Week ending 29th September 2006      

It was a very sad week for democracy in the United States of America, as the US Congress voted in George W’s “Detainee Bill”. In doing so, with many Congressmen and Senators not even reading the bill, they are set to destroy any pretence of law by government by constitution in the US. Furthermore, by passing it they have not only rejected the US Constitution, but also the Geneva Convention and the very foundation of the legal process in any free nation, the principle of Habeas Corpus.


Indices - Year to Date (29th September 2006)
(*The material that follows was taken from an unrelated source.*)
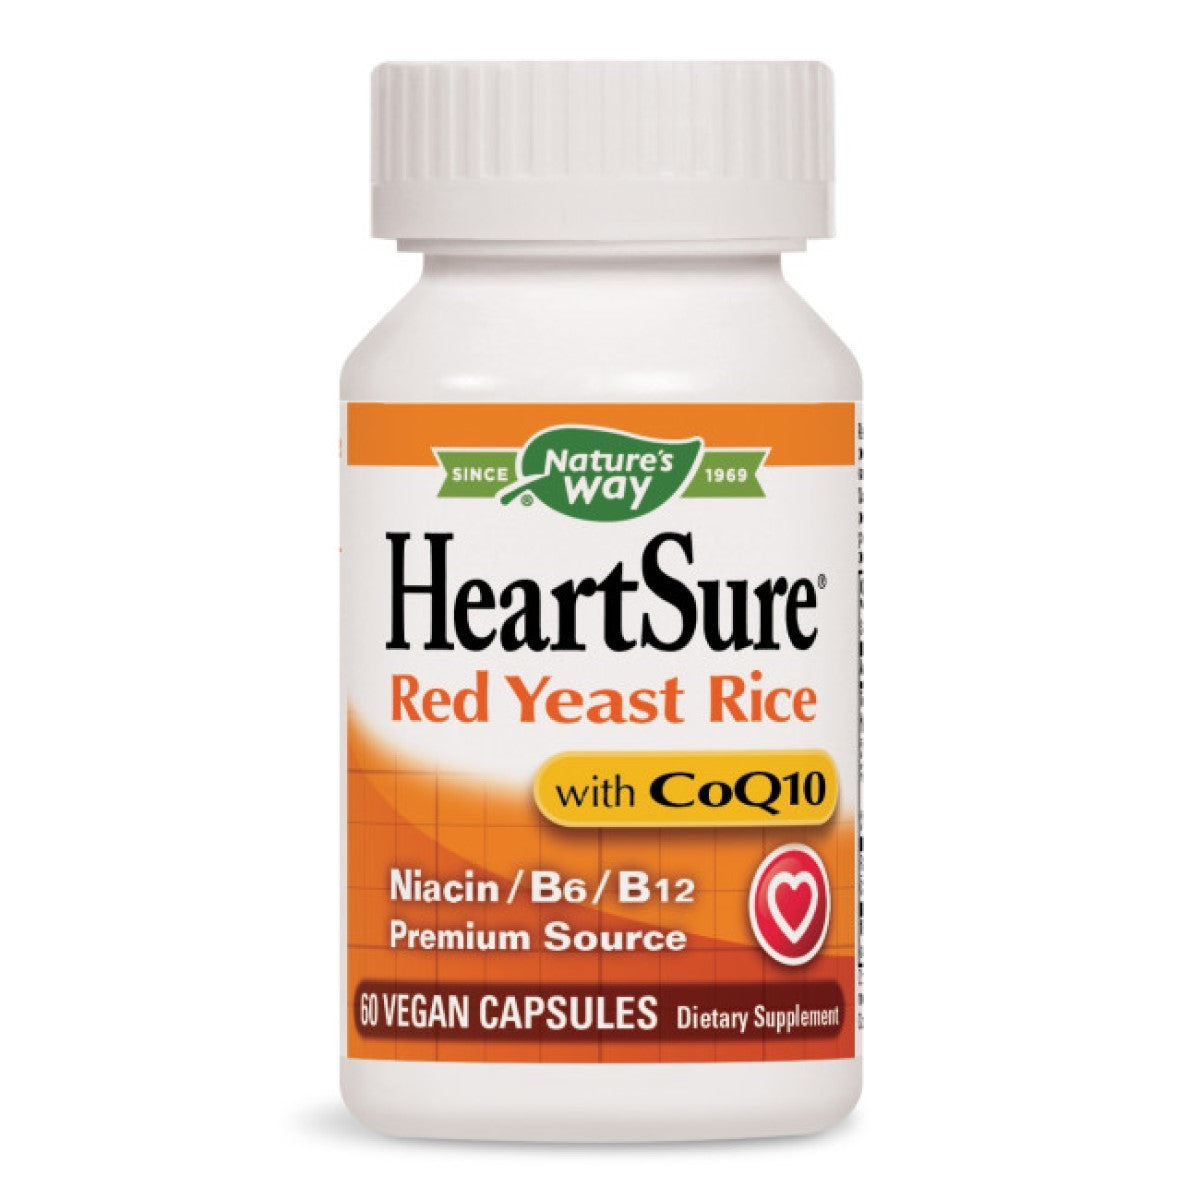 Fæstning biord velfærd Nature's Way HeartSure Red Yeast Rice + CoQ10 (60 count) – Smallflower

According to the Conference Board, US consumer confidence climbed in September, albeit that it was from a 9 month low in August, but the rest of the economic data released over the week for the all important US economy was dire to put it mildly. Manufacturing, as evidenced by the Philadelphia Federal Reserve Bank Manufacturing Index fell to -0.4 in September, after a reading of 18.5 in August!. The National Association of Realtors reported the first decline in year on year medium house prices for August of 1.7%, the first year on year decline since 1995 and the second biggest fall in the surveys 38 year history. Sales also fell for the 5th month running. Durable goods orders fell by 0.5% in August, with July’s decline lowered by 2.7%. Q206 GDP was revised lower to 2.6% from the earlier 2.9%, a huge contraction on the Q106 5.9% number. If one looks in real terms the US is now in recession. US stocks ignored all of this as the Dow Jones Industrial Average closed on Thursday at 11718.45, just 4.5 points below the all time high close of 11,722.98 it reached on January 14th 2000. For the week, the Dow rose by 1.5%, the S&P 500 index was higher by 1.6%, whilst the Nasdaq Composite ended higher by 1.8%.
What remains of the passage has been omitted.